Which strategy best illustrates an author using description to help readers deduce the meaning of an unfamiliar word?

Explanation:
Using context clues by surrounding a word with descriptive details helps readers infer its meaning. When the author paints a vivid picture around a term—the way it looks, feels, sounds, or the imagery tied to it—the surrounding details point toward a sense of the word without stopping to define it. That descriptive context trains readers to read between the lines and build meaning from imagery and how things are portrayed in the scene. For example, if a passage describes a place as dim, damp, and shadowed, with a chill that needles the skin, you can infer the mood or quality the author is hinting at without a dictionary entry. The other strategies don’t support this inferencing in the same way: giving a definition in parentheses tells you the meaning outright rather than letting you deduce it from clues; introducing a contrasting idea before the concept may highlight differences but doesn’t provide clues about the word’s meaning; and an unrelated anecdote offers no helpful hints about the word. The descriptive clues around the term are what best enable deduction.
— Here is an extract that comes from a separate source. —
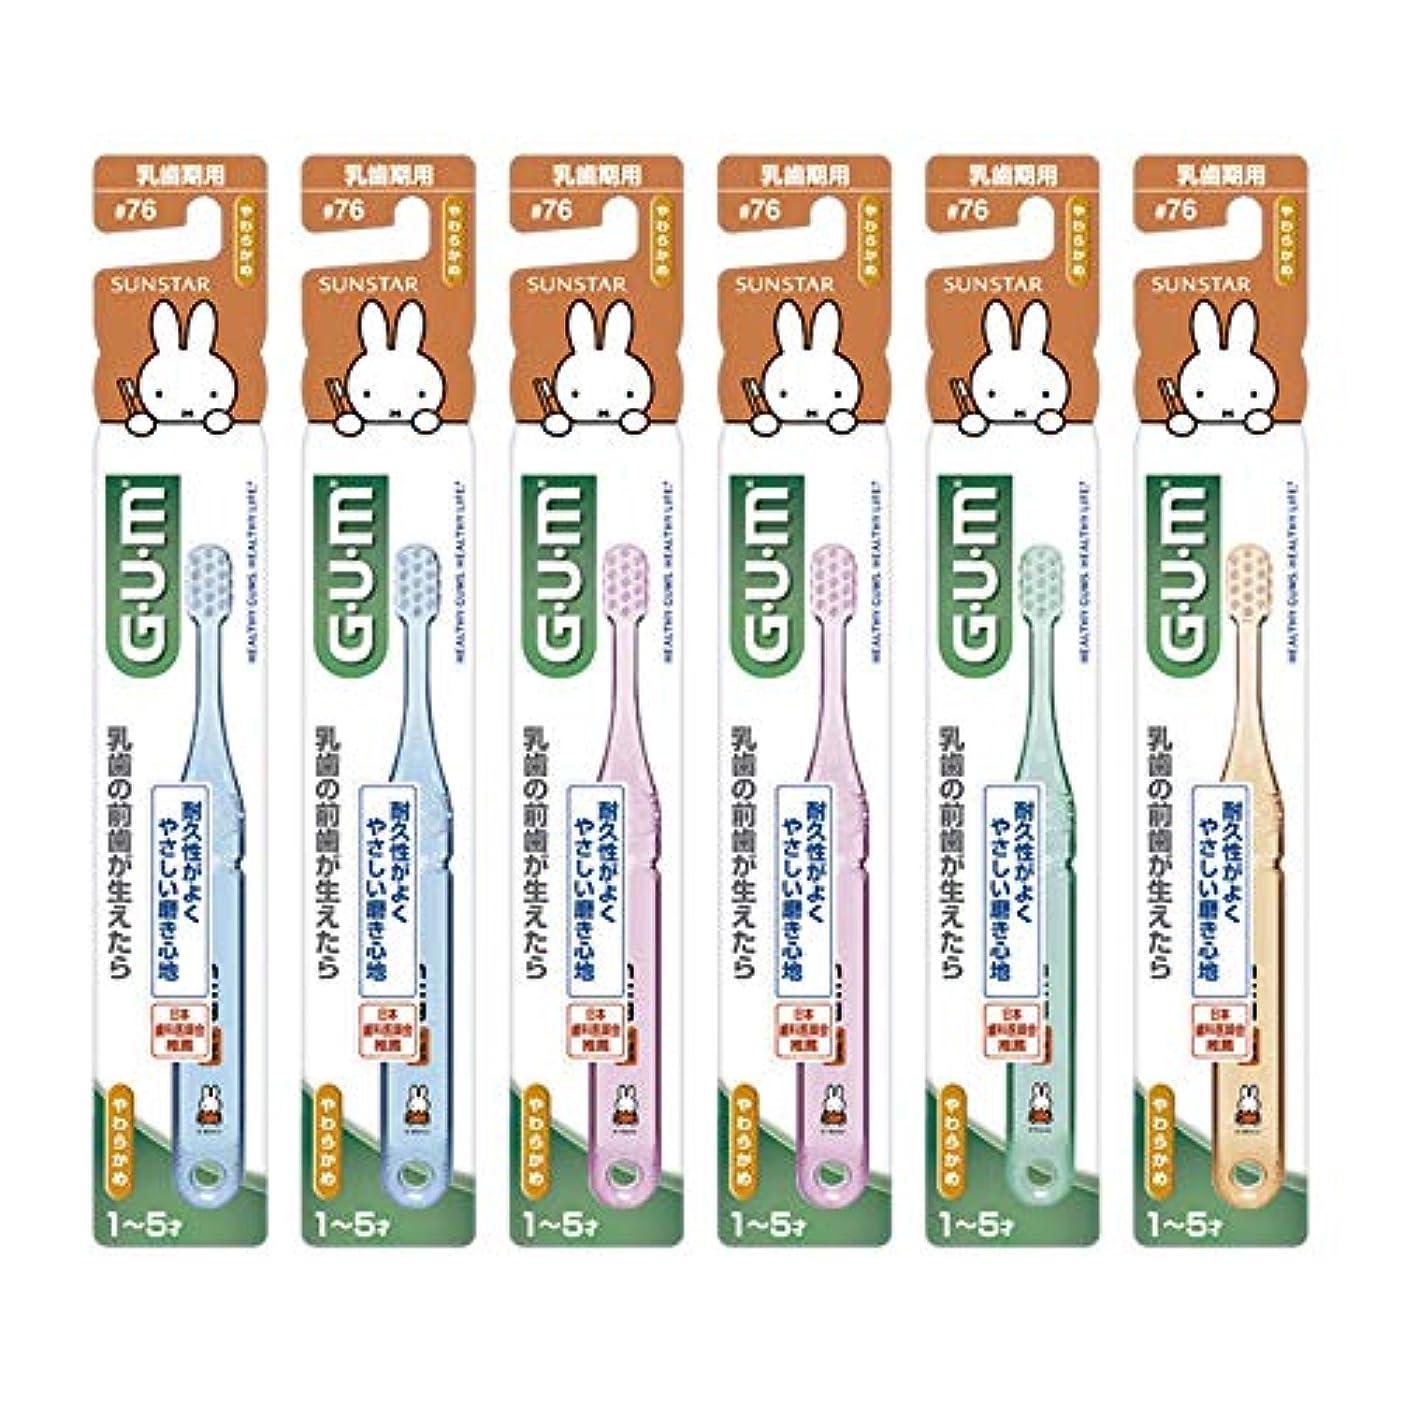 前提の配列エンコミウムGUM(ガム) デンタル こども 歯ブラシ #76 [乳歯期用/やわらかめ] 6本パック+ おまけつき【Amazon.co.jp限定】
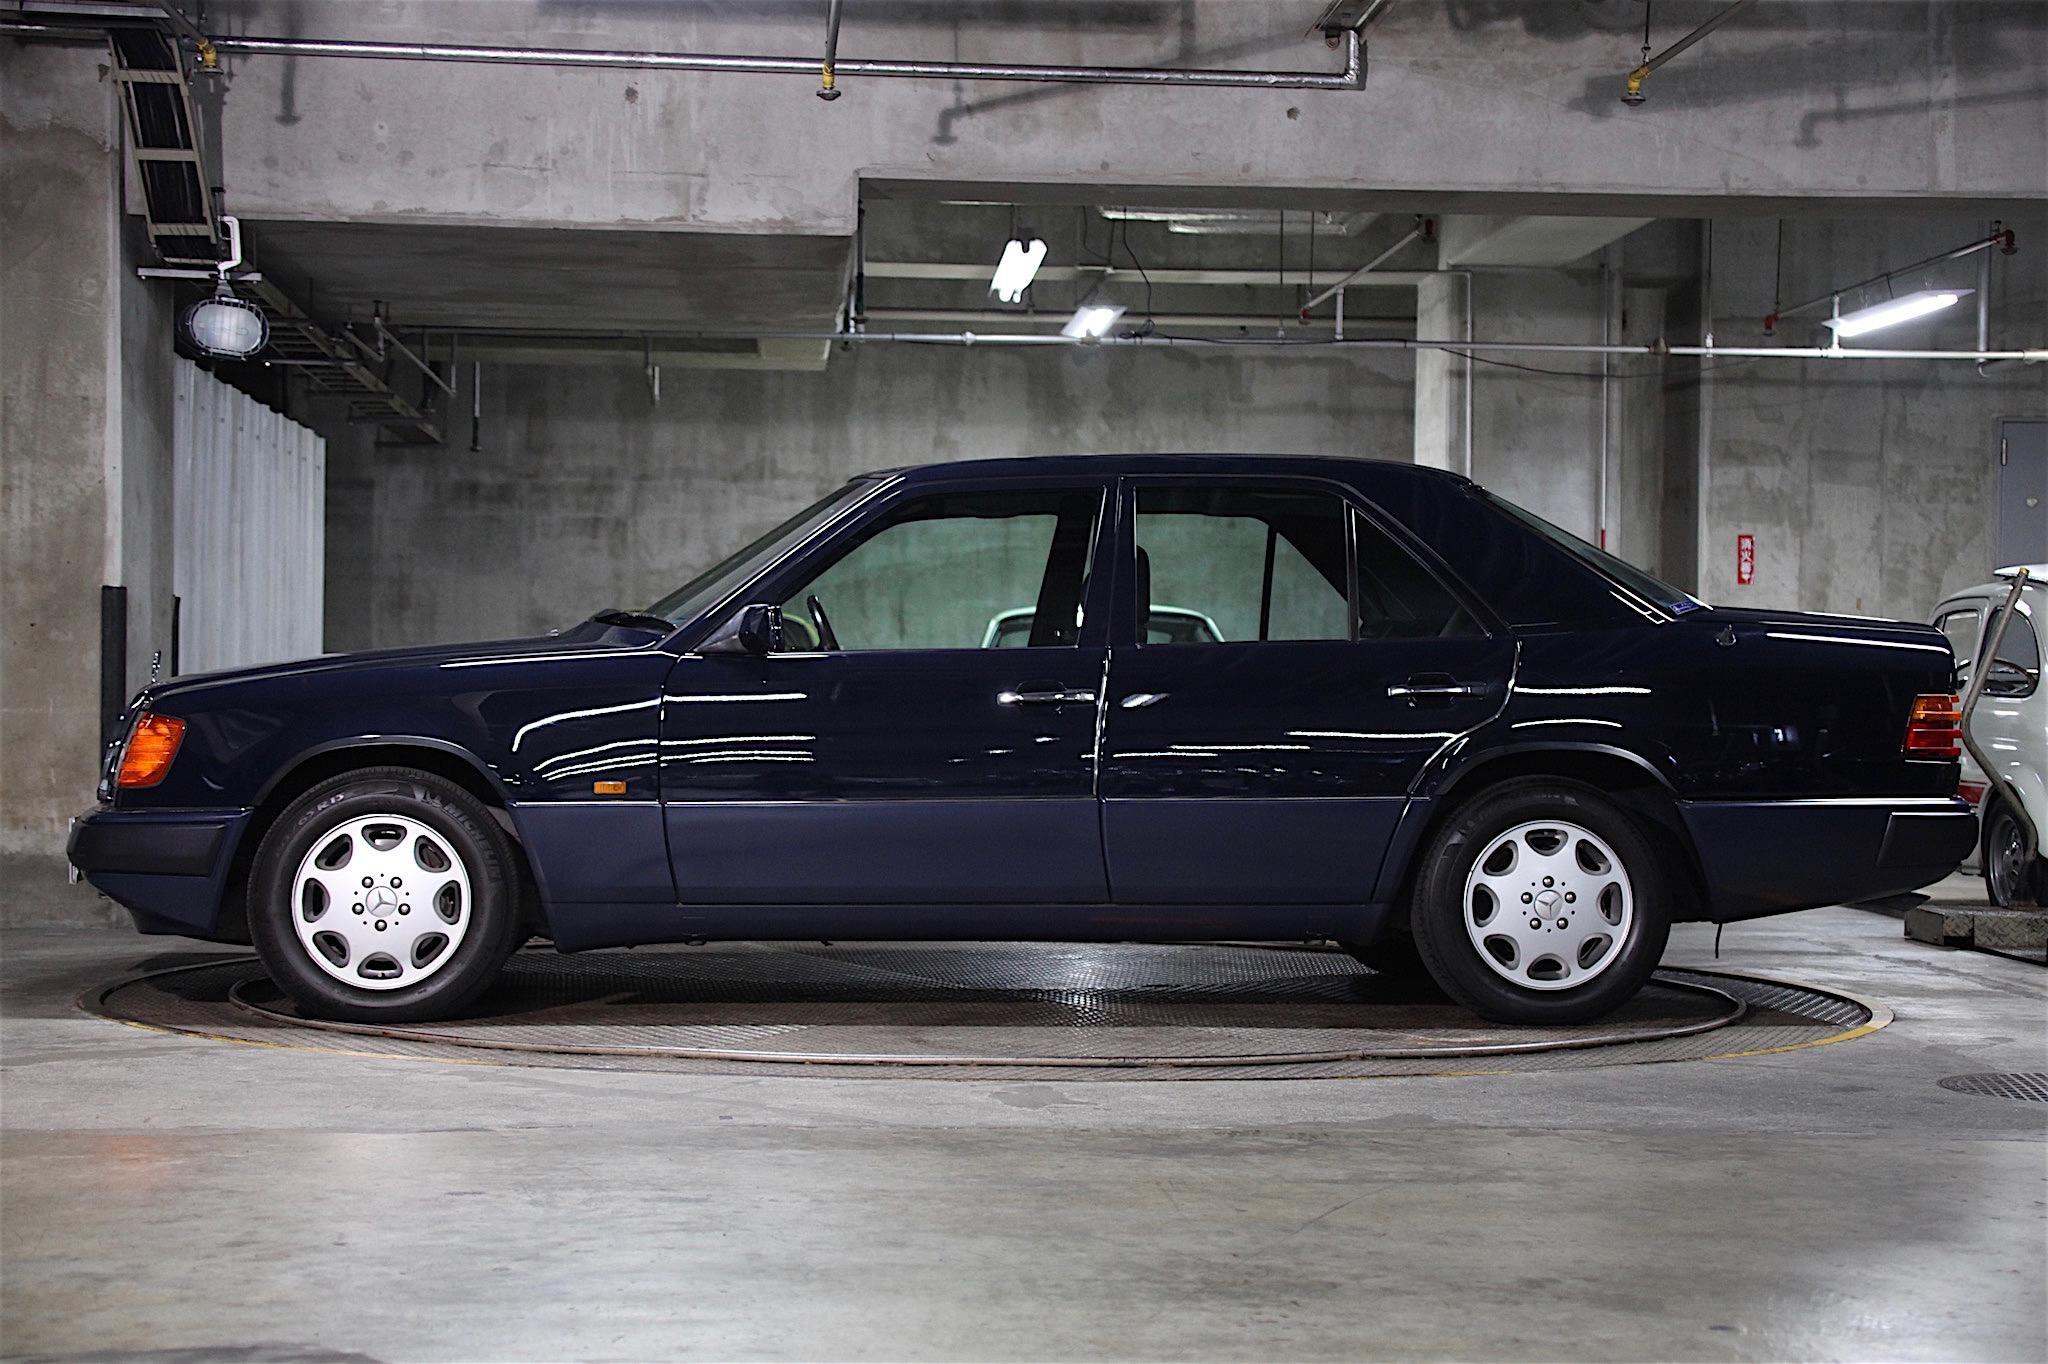 ヴィンテージカー販売 メルセデス・ベンツ400E

Using context clues by surrounding a word with descriptive details helps readers infer its meaning. When the author paints a vivid picture around a term—the way it looks, feels, sounds, or the imagery tied to it—the surrounding details point toward a sense of the word without stopping to define it. That descriptive context trains readers to read between the lines and build meaning from imagery and how things are portrayed in the scene. For example, if a passage describes a place as dim, damp, and shadowed, with a chill that needles the skin, you can infer the mood or quality the author is hinting at without a dictionary entry. The other strategies don’t support this inferencing in the same way: giving a definition in parentheses tells you the meaning outright rather than letting you deduce it from clues; introducing a contrasting idea before the concept may highlight differences but doesn’t provide clues about the word’s meaning; and an unrelated anecdote offers no helpful hints about the word. The descriptive clues around the term are what best enable deduction.